NIJKERK, Pays-Bas – Quand il était enfant, Pieter van Oordt accompagnait souvent son père, Karel, un des aînés de la famille van Oordt lors de ses courses hebdomadaires à la recherche de produits spécifiquement fabriqués en Israël.

Karel était homme d'affaires chrétien sioniste d’Amersfoort, à environ 40km à l'est d'Amsterdam, qui a cherché à renforcer économiquement l'Etat hébreu en achetant ses exportations pour nourrir sa famille de huit personnes. Mais cela n'a pas été facile.

"A l’épicerie, mon père demandait des oranges de Jaffa, mais il n’y en avait pas » se rappelle Pieter van Oordt. "Ensuite, au magasin d'alcool, papa demandait des vins israéliens. Même réponse. "

Quatre décennies plus tard, les produits israéliens et des milliers d'autres sont disponibles aux Pays-Bas grâce au groupe de défense international fondé par Karel van Oordt en 1979. Pieter et son frère, Roger, gèrent les Chrétiens pour Israël depuis la mort de leur père en 2013.

Grâce à sa propre agence d'importation, le Centre de produit d’Israël, ou IPC, l'organisation importe 120.000 bouteilles de vin israélien chaque année, ainsi que de nombreuses tonnes de produits cosmétiques de la Mer Morte et d'autres marchandises. La plupart des produits sont vendus dans le magasin d’IPC, sur son site Web ou grâce à 200 volontaires faisant du porte-à-porte, en majorité des femmes.

L'expérience est unique en Europe, l'IPC favorise ouvertement la vente de biens des implantations, une partie d'un effort conscient pour renforcer le mouvement des « colons » et repousser les efforts européens qui veut marquer les marchandises produites en Israël.

Un chrétien hollandais encourage l’achat de produits israéliens pour lutter contre le marquage demandé par l’UE

Le mois dernier, dans une lettre dans le nouveau catalogue de la société, Pieter van Oordt, qui dirige IPC, a spécifiquement exhorté ses clients à acheter deux marques de vin, des dattes et des produits oléicoles produits en Cisjordanie [Judée- Samarie].

"Maintenant, le gouvernement veut que nous disions que nos produits ne sont pas d'Israël», a déclaré Pieter van Oordt, se référant à l'adoption en Novembre d’un règlement de l’UE exigeant que les marchandises produites dans les implantations israéliennes soient étiquetées comme étant originaire du territoire palestinien. "Nous devons dire à nos clients que ce n'est pas vrai."

La plupart des clients d’IPC sont probablement d'accord avec van Oordt.
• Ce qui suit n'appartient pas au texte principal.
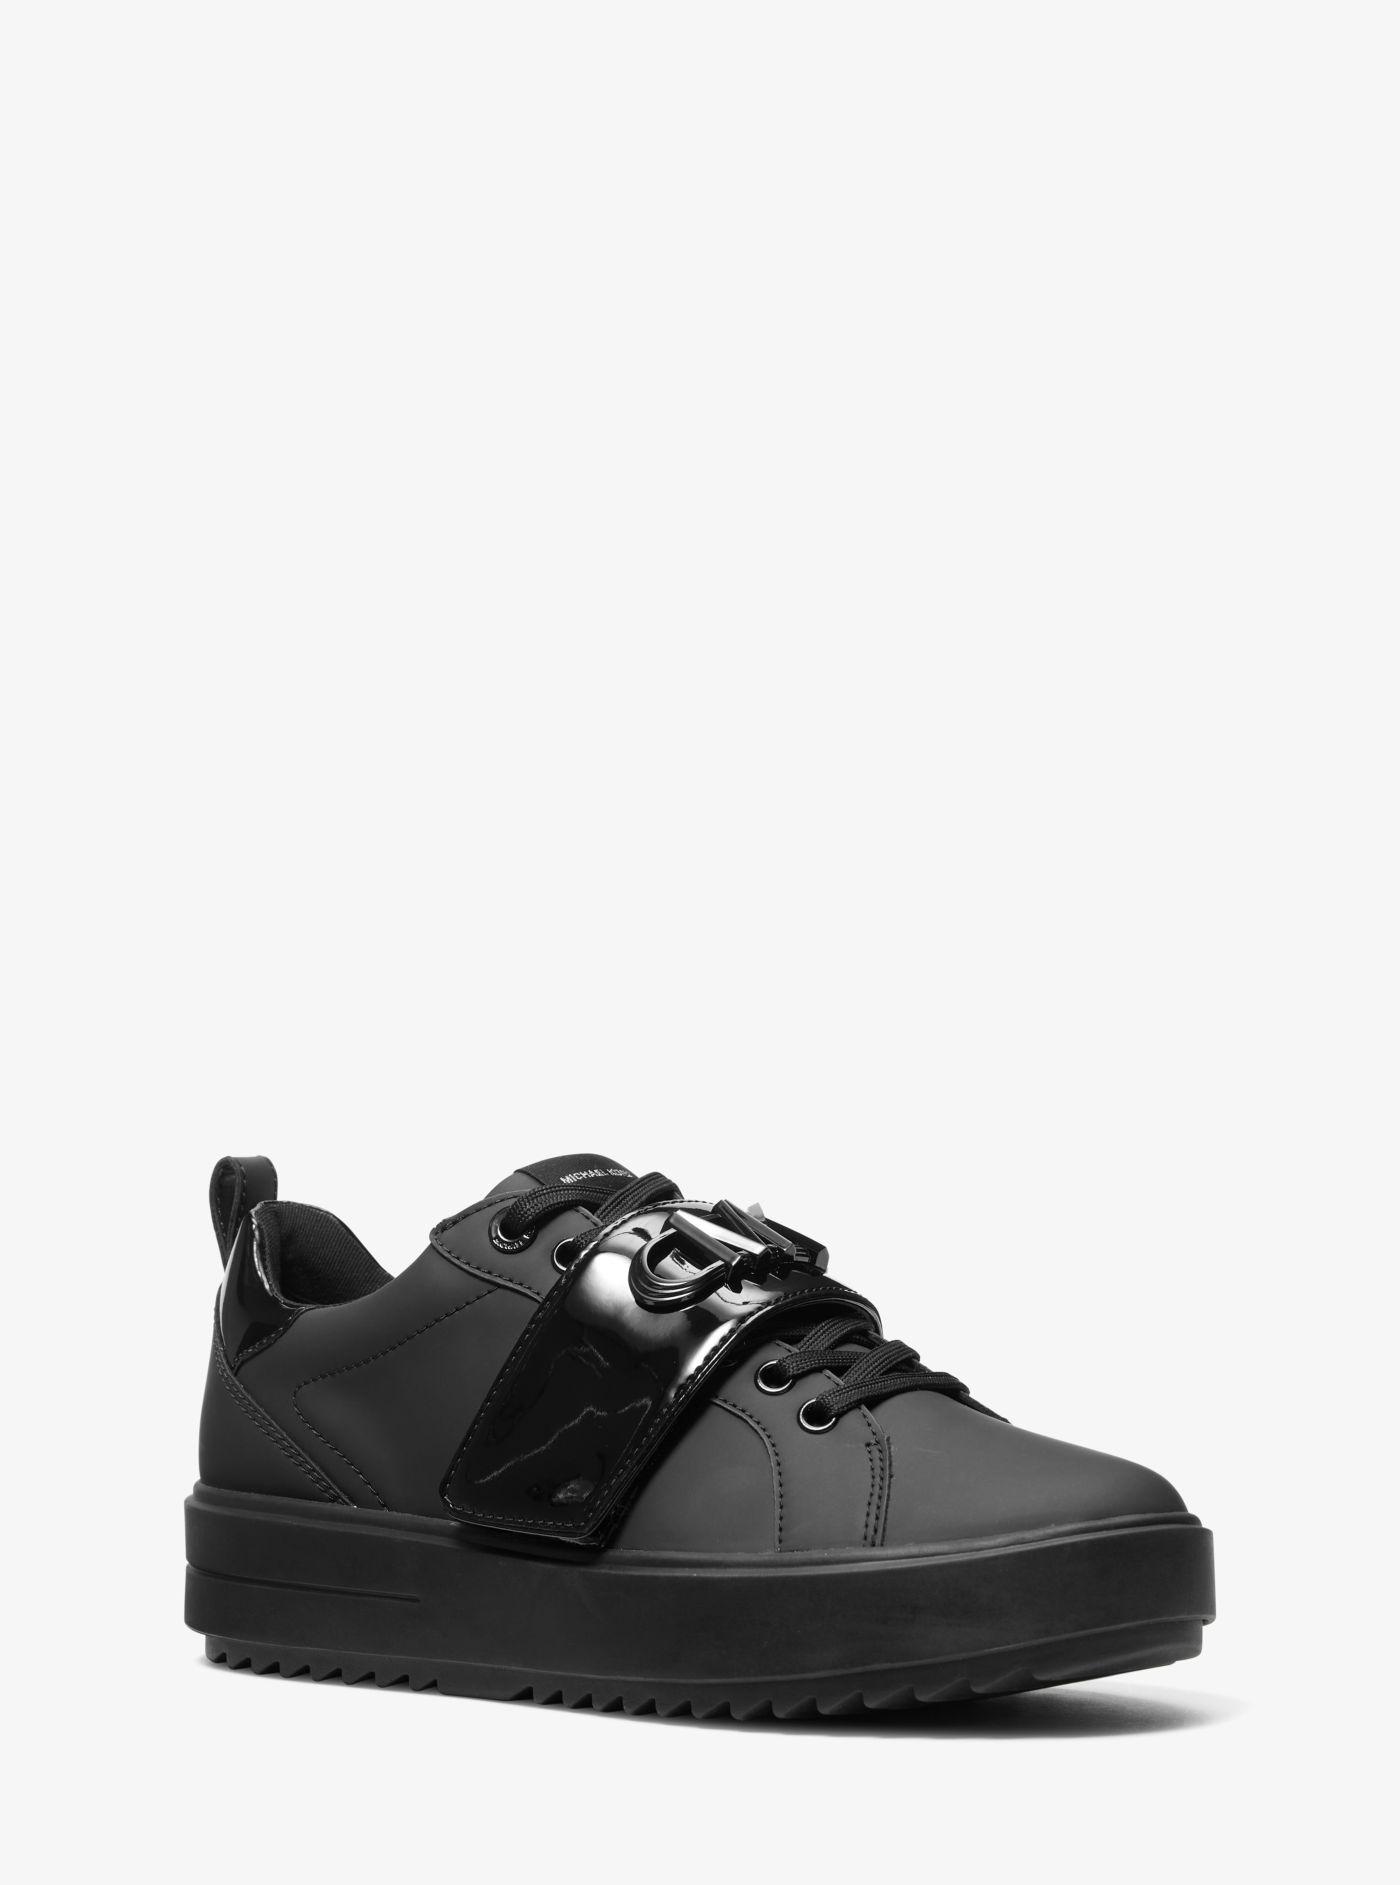 Michael Kors Emmett Logo Embellished Faux Leather Sneaker in Black ...

Les clients les plus fidèles de la société sont des partisans idéologiques du mouvement « les chrétiens pour Israël », qui est populaire parmi les protestants européens qui croient qu'il est de leur devoir religieux et moral d'aider les Juifs à retourner sur leurs terres ancestrales.

C’est cette obligation qui a conduit 300 donateurs à prêter de l'argent pour la création de l'IPC par Karel van Oordt en 1980. Depuis lors, l'entreprise a connu une croissance exceptionnelle, de l’ordre d’un stand de souvenirs à une société dont les revenus annuels sont de plusieurs millions de dollars et des bénéfices substantiels, selon Pieter van Oordt, qui a refusé de fournir des chiffres exacts.

Les importations d’IPC remplissent un entrepôt de stockage souterrain de la taille de trois courts de tennis à Nijkerk, une banlieue paisible d’Amersfoort. L’entrepôt est dispose des détergents de Haïfa, des aliments israéliens emblématiques comme la soupe aux noix d’Osem et de marchandises exotiques comme l'huile d'avocat et du zaatar, un mélange d'épices.

Plus récemment, IPC a ajouté un centre de formation entièrement meublé pour esthéticiennes, où les seuls produits utilisés proviennent de la mer Morte. Environ 500 esthéticiennes y suivent une formation chaque année.

Pieter van Oordt se concentre sur un nouveau projet. Lors de son dernier voyage en Israël, il a découvert une boutique près de la capitale qui fait des semelles de chaussures en cuir "qui marchent vraiment," dit-il.

"Les premiers clients disent que c’est comme marcher sur un nuage», a déclaré Pieter, "avec l'avantage supplémentaire d'avoir Jérusalem à vos pieds."